* [Your task]
Please print exactly the lines from the line containing "Adult Performa Ballet" through the end of the data, no more, and keep pictures out of the copy.

* [Data block]
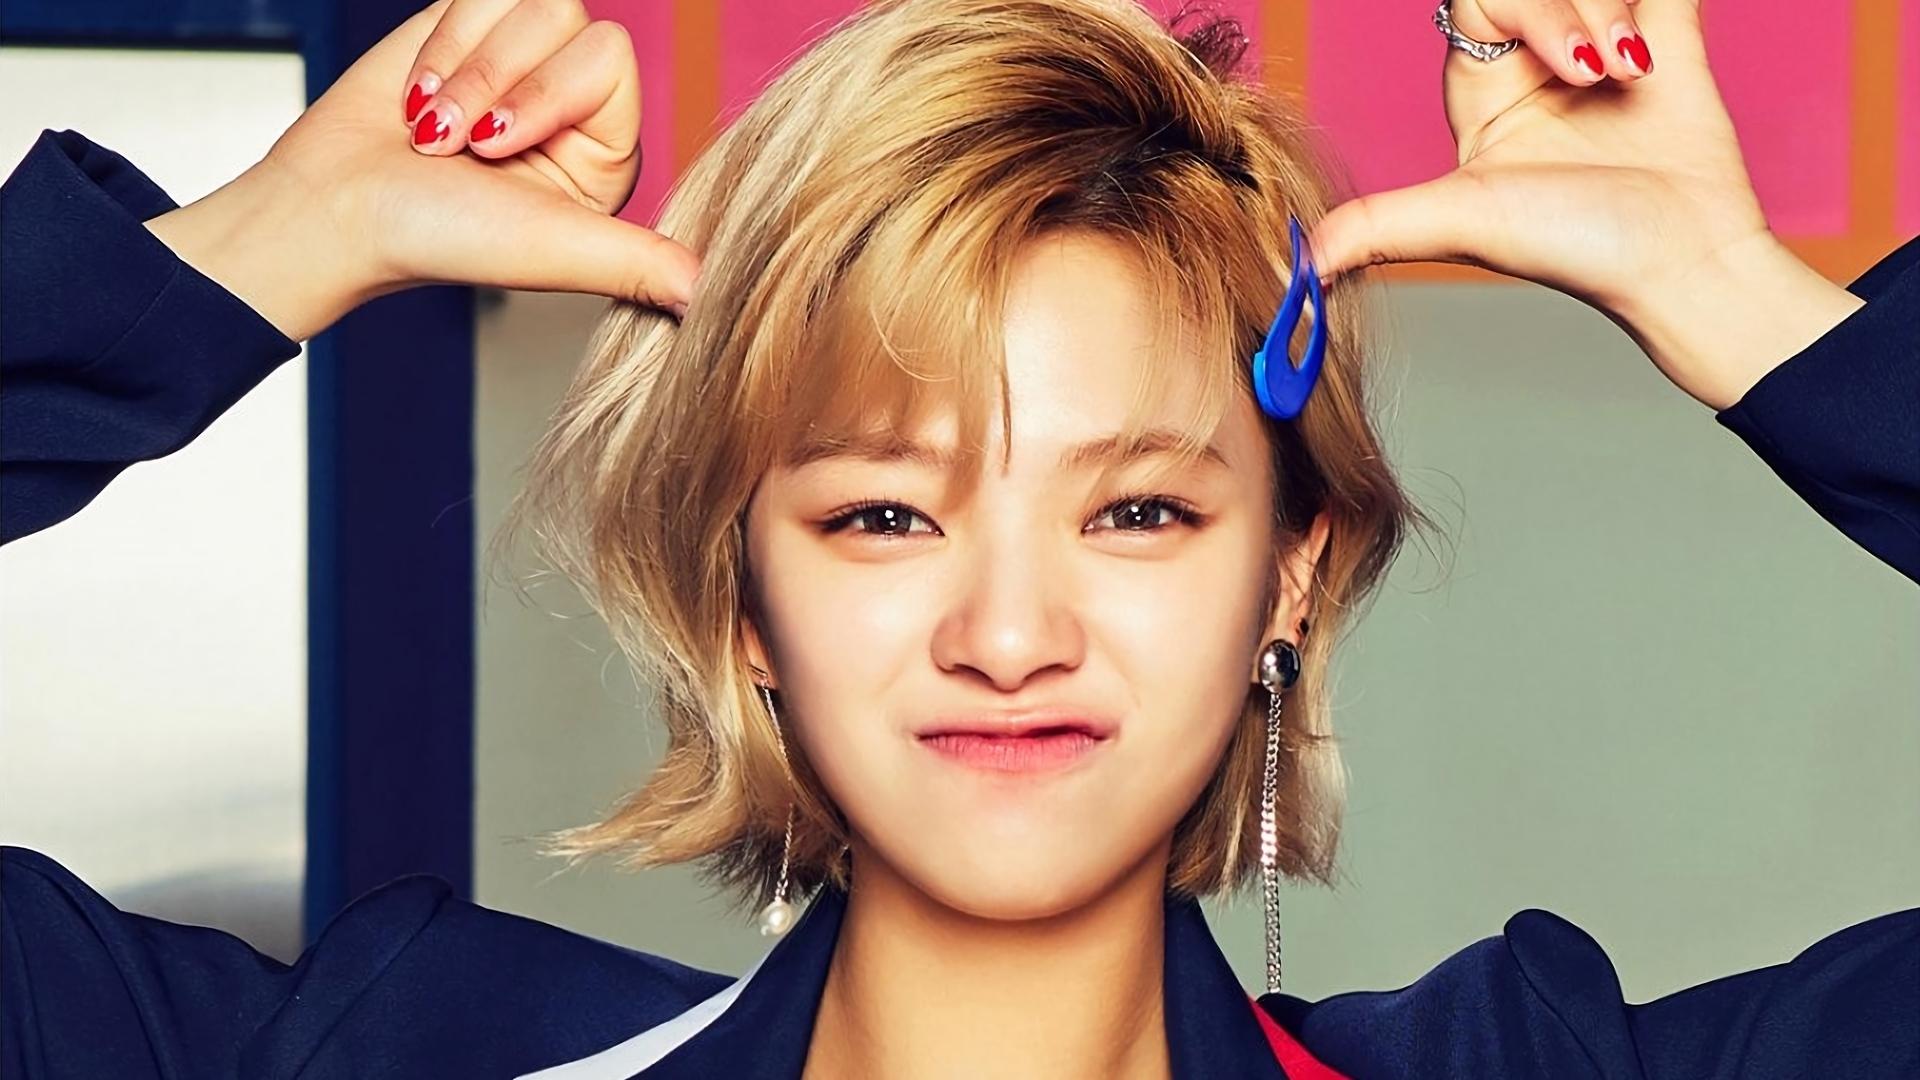 Free Download Jeongyeon TWICE Signal Beautiful K P Wallpaper 41316 [1920x1080] For Your Desktop, Mobile & Tablet. Explore Jeong Yeon Wallpaper. Jeong Yeon Wallpaper, Tae Yeon Wallpaper, Yeon Woo Wallpaper
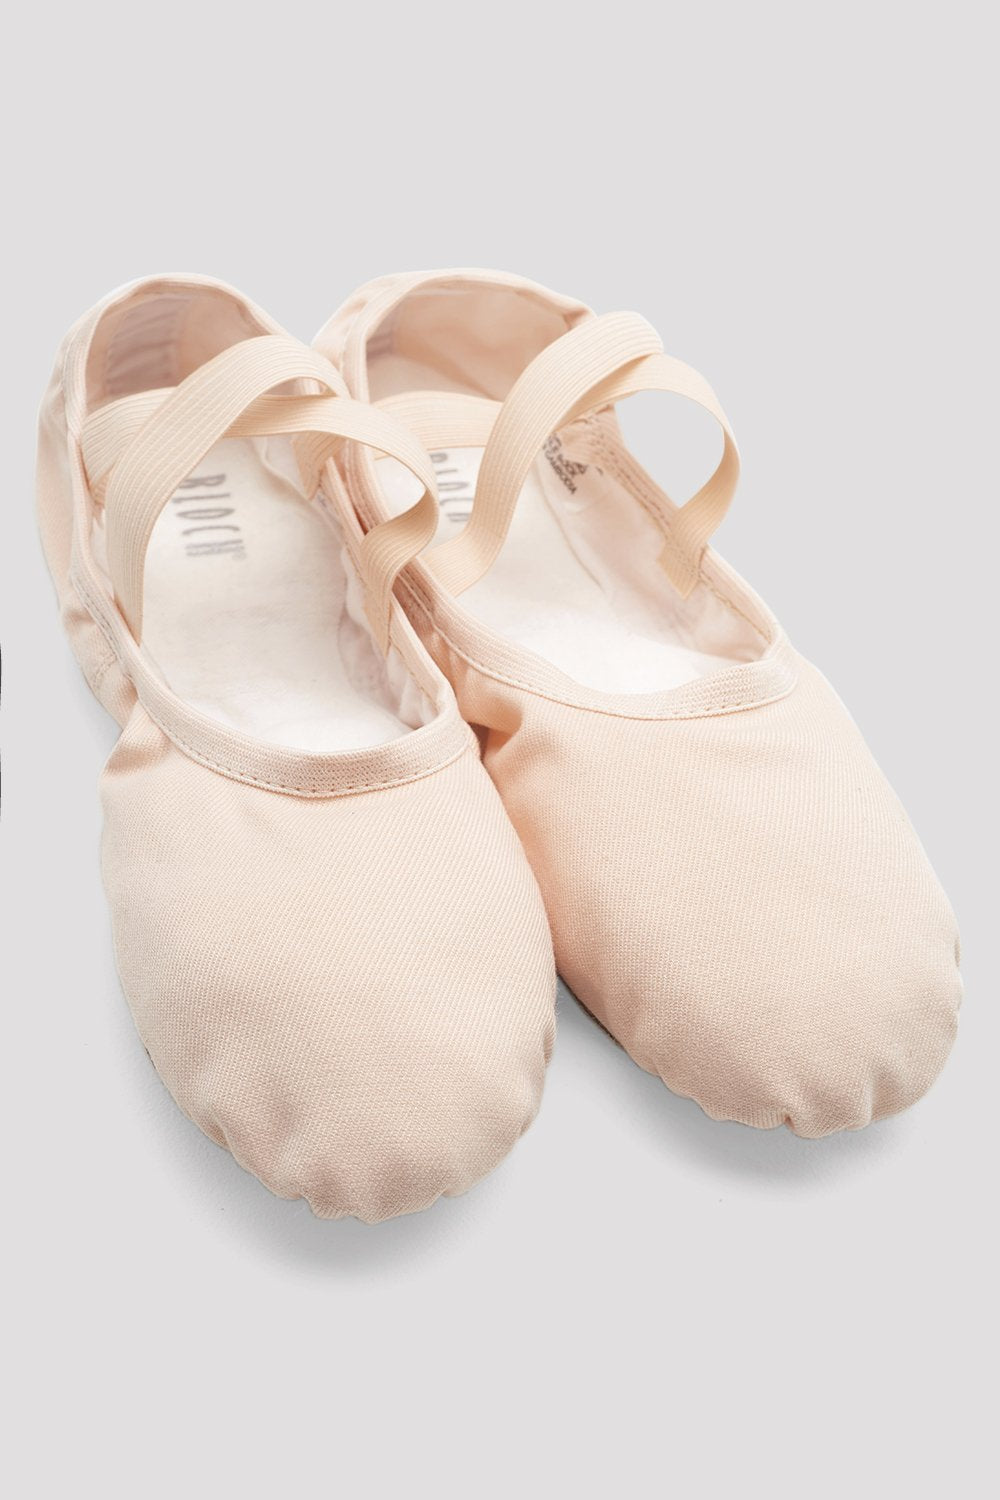 Adult Performa Ballet Shoe (Variety of Colors)
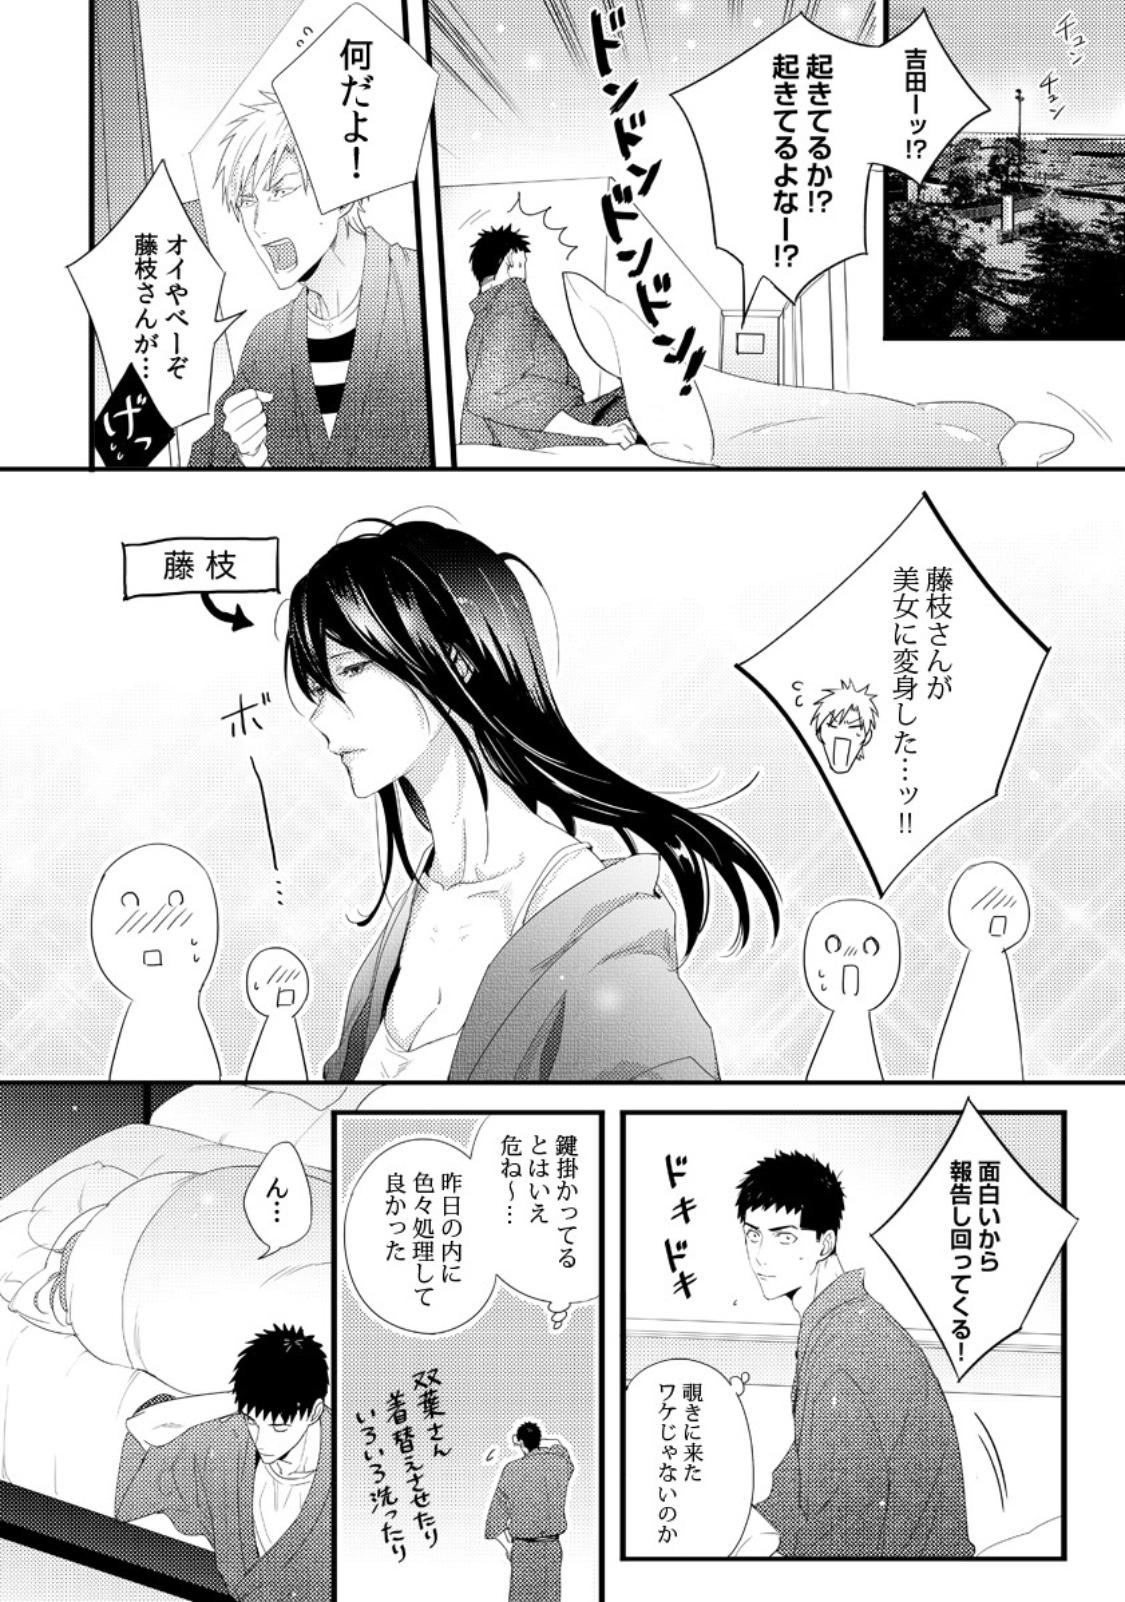 Please Let Me Hold You Futaba-San! Ch. 1-4 24
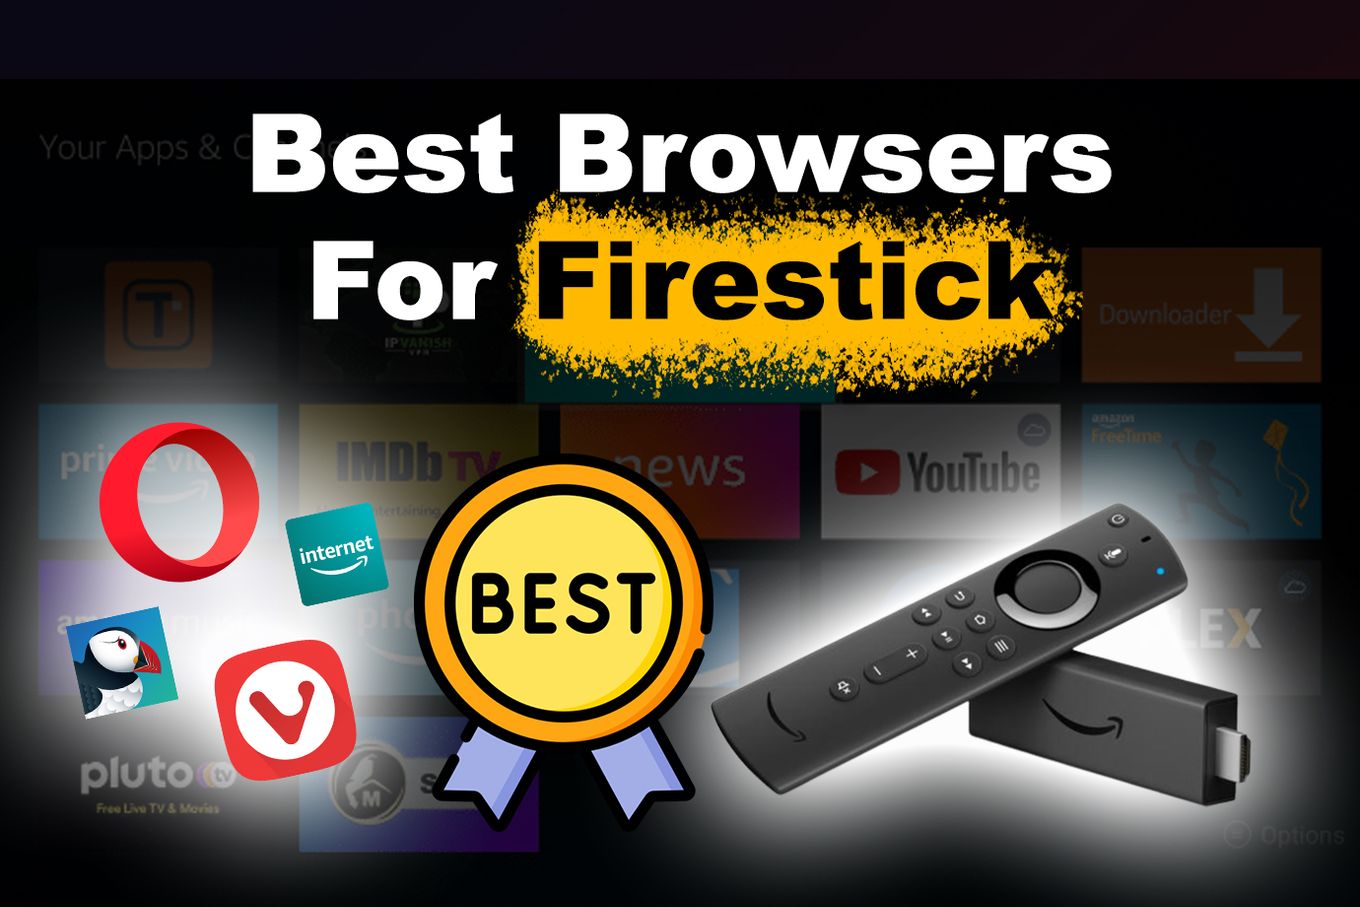 List of Best Browsers For Firestick

* [Response area]
 Adult Performa Ballet Shoe (Variety of Colors)
 Please Let Me Hold You Futaba-San! Ch. 1-4 24
 List of Best Browsers For Firestick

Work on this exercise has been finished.